So, come saturday morning, it was time to compete. I had registered for two divisions at featherweight (gi and no-gi beginner) and one division at lightweight (145-155). At the NAGA tourny I watched, gi was last, so that is what I was hoping for. On this day though, gi was done first. The thing is, I dont even own a Gi! A gi is a jacket and pants used for jiu jitsu...its actually a weapon you wear, since you can choke people with it. Its as if someone said, "hey, jiu jitsu would be more fun if instead of being strenuous it almost killed you! Let do this while wearing a coat and pants, to help us sweat more!" I only train in no-gi, but the tourny was one price for as many divisions as possible. So, i borrowed a gi from a friend and training partner (mma great Kurtis Cloward) and went to ONE CLASS to learn the basics. So, as of saturday, i was putting on my gi for the SECOND time ever. Luckily, my training friends helped me tighten my pants and tie my belt (which I had to find in the lost and found, since Kurtis' belt was blue, the next level up in skill) right before I was to compete. In my first match, I got taken down and pulled guard at the same time (i am going to bold words to google for pictures of). Nonetheless, I lost 2 points. I had a few triangle choke attempts, fended off some collar chokes from my opponent, but then the 5 minutes ran out. I lost 2-0. Lame

Then I proceeded to wait a small eternity for the gi divisions to finish. There are something like 5 skill levels and 6 weight classes in each Men's, Women's, teens, and Master's division. The combinations are extensive....so it took FOREVER.

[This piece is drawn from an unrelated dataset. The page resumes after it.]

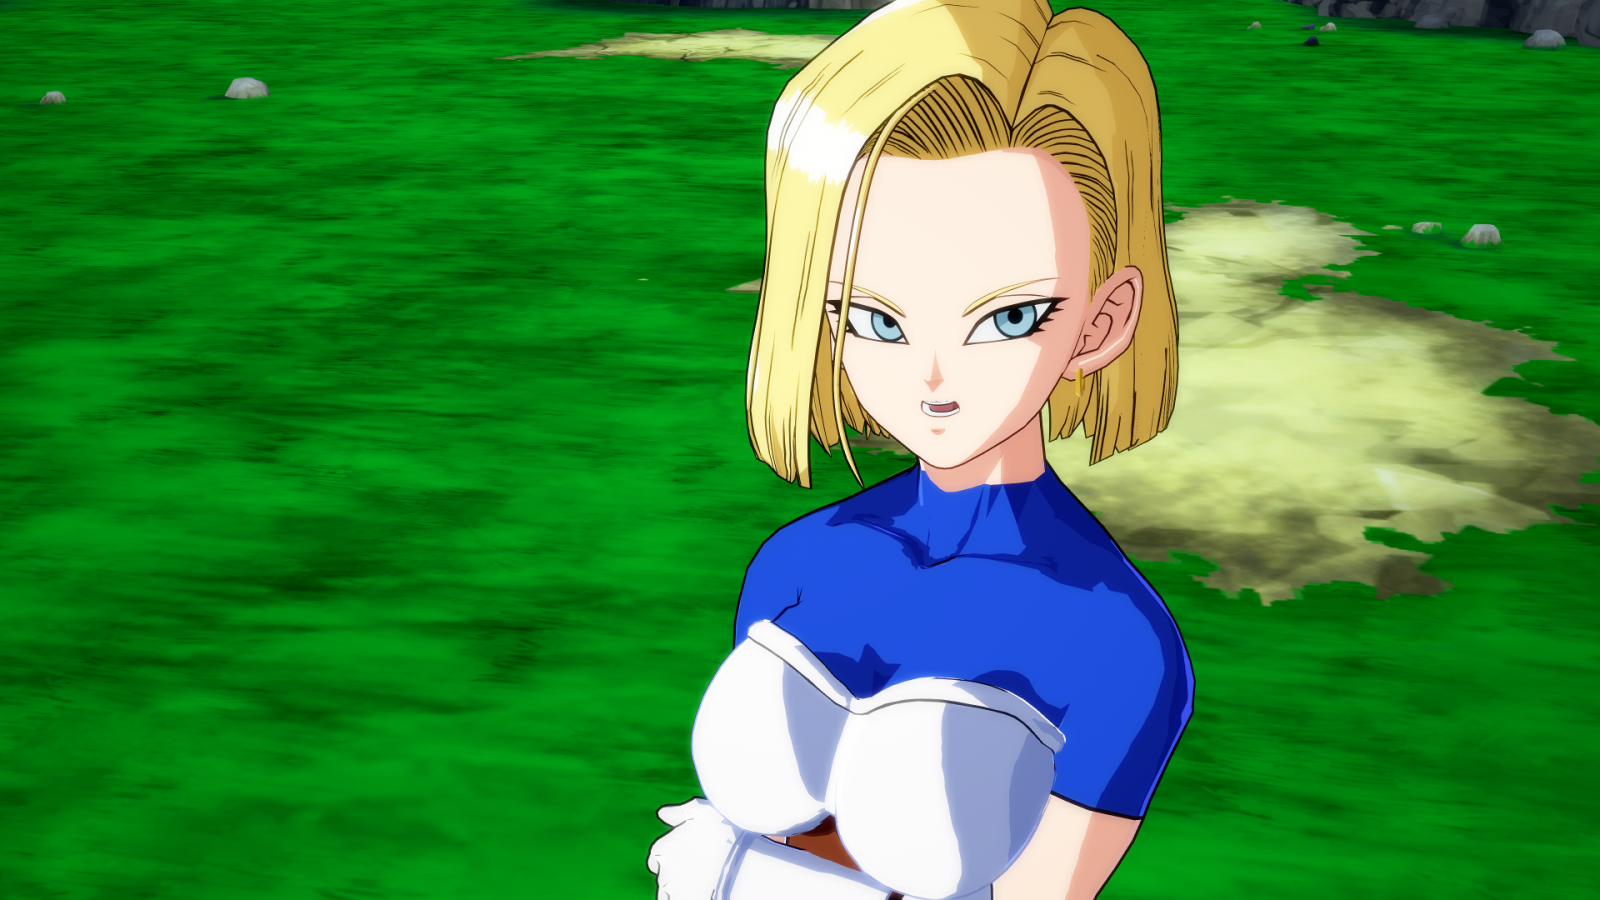 Someone wanted Android 18 in a Cheelai outfit more or less. 
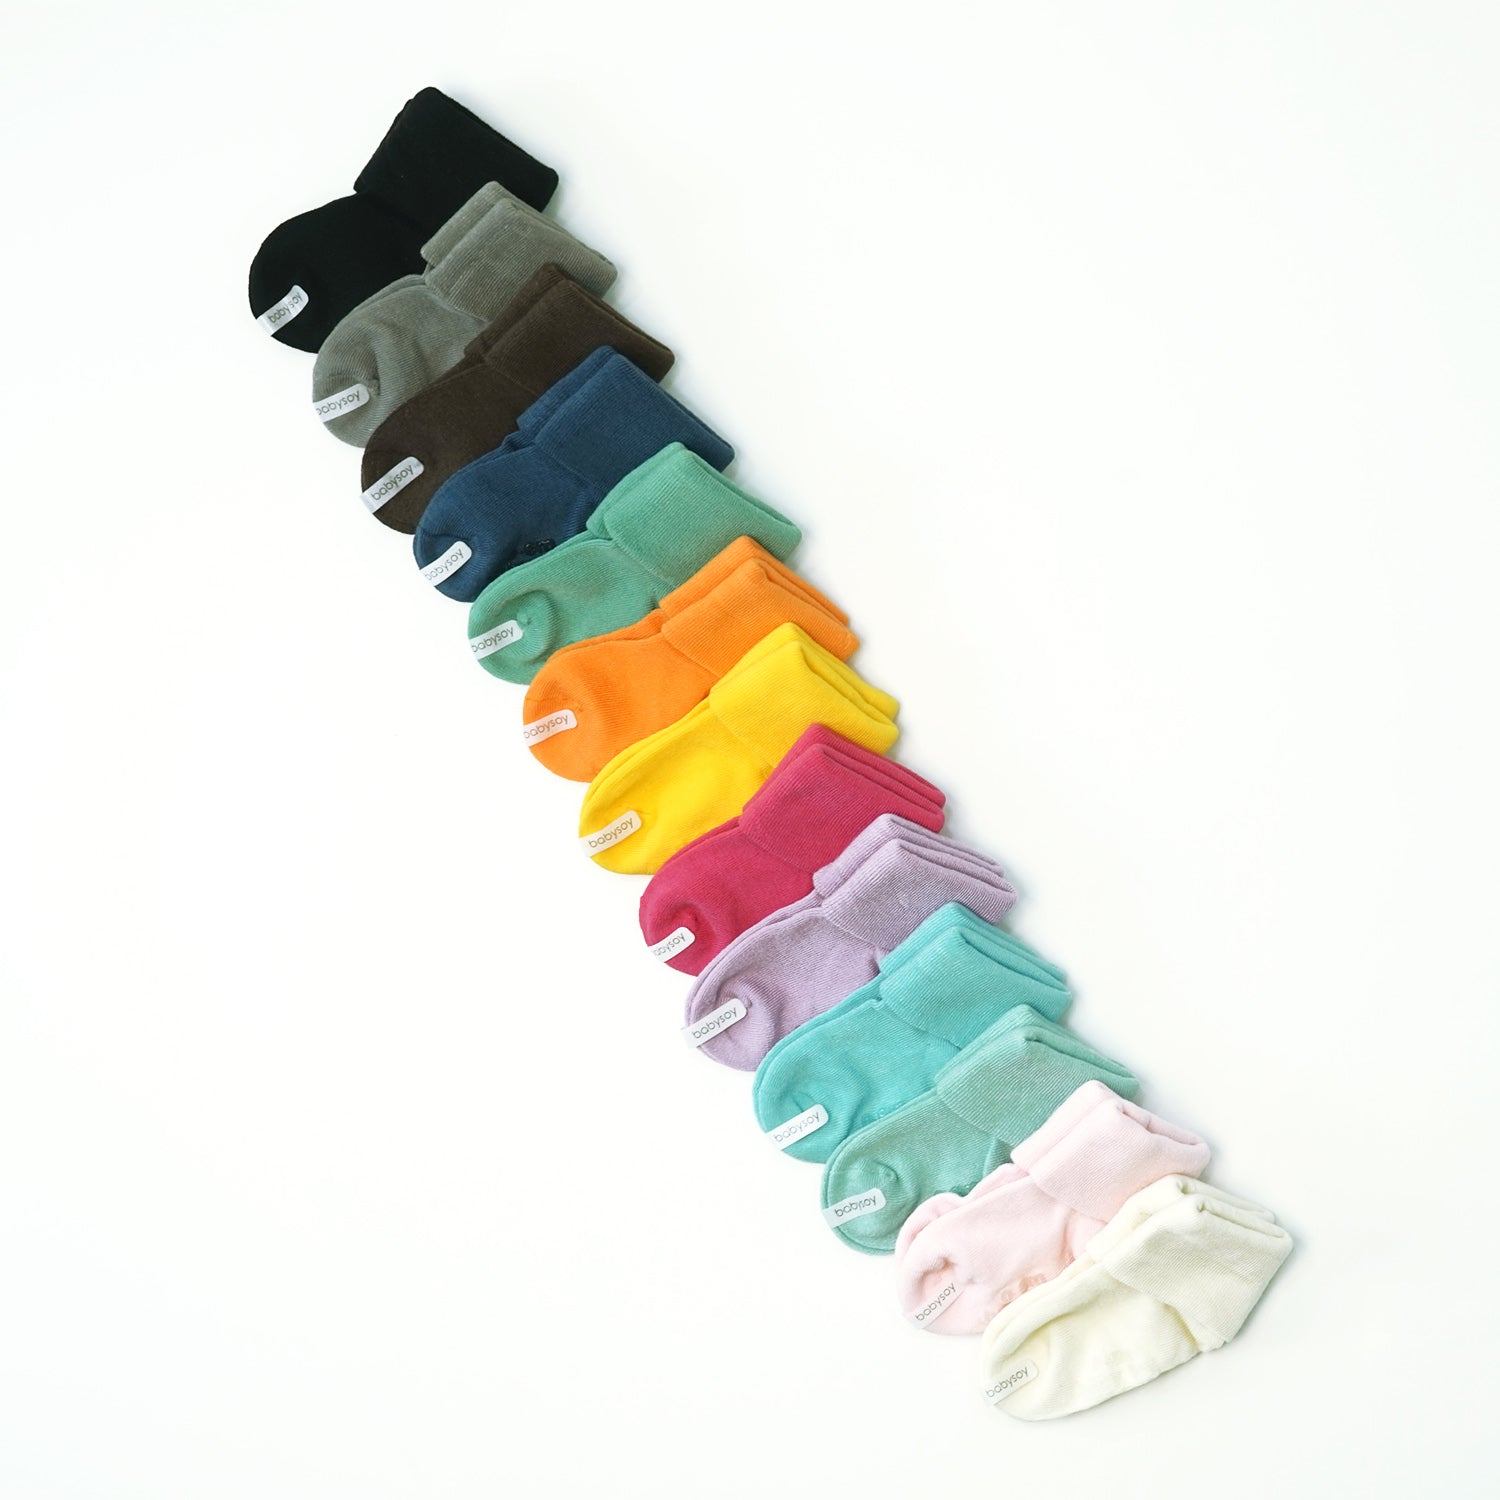 Babysoy Baby Socks Solid Colors That Stay-On with Grips Peony / 6-12 Months

Finally, it was time to go again. I checked in for no-gi featherweight, and then was called to check in at no-gi lightweight also. They at first balked at this, since both divisions would be going at the same time. Me and the other guy (who actually had beat me in no-gi) suggested they just schedule us for both divisions, and if there was overlap we would forfeit. turns out, we were first in lightweight, so off we went. Now I was going against the same guy I lost to in no-gi. Lame. Guess what happened. I pulled guard, but they called it a take down. I escaped, and got taken down again. Time ran out with him in my guard. I lost 4-0. He never even attempted a guard pass or a submission. as mentioned...lame. (on the sorta bright side, i accidentally elbowed the guy in the mouth. he wasnt wearing a mouthguard so i busted his lip. he then bled on me. the referee reminded me to shower later, since i had blood in my shirt. would i have forgotten to shower if he had not told me? who knows.)

So, at this point i had competed in two levels that werent really mine, and had lost both. i was getting annoyed. finally, it was time to compete in no-gi at my weight class. So, the match started, and I did a better job defending the takedown. I managed to get under the guy's shoulder for a body lock on his side. I was about to dump him hard, when we got close to the crowd, so we had to stop. then we worked in the clinch some more and he was about to get a single-leg when I ended up in the crowd. Another restart. Finally, with about a minute to go, I got a takedown. I held on and stayed in his guard and won 2-0. It was no submission, but it felt good.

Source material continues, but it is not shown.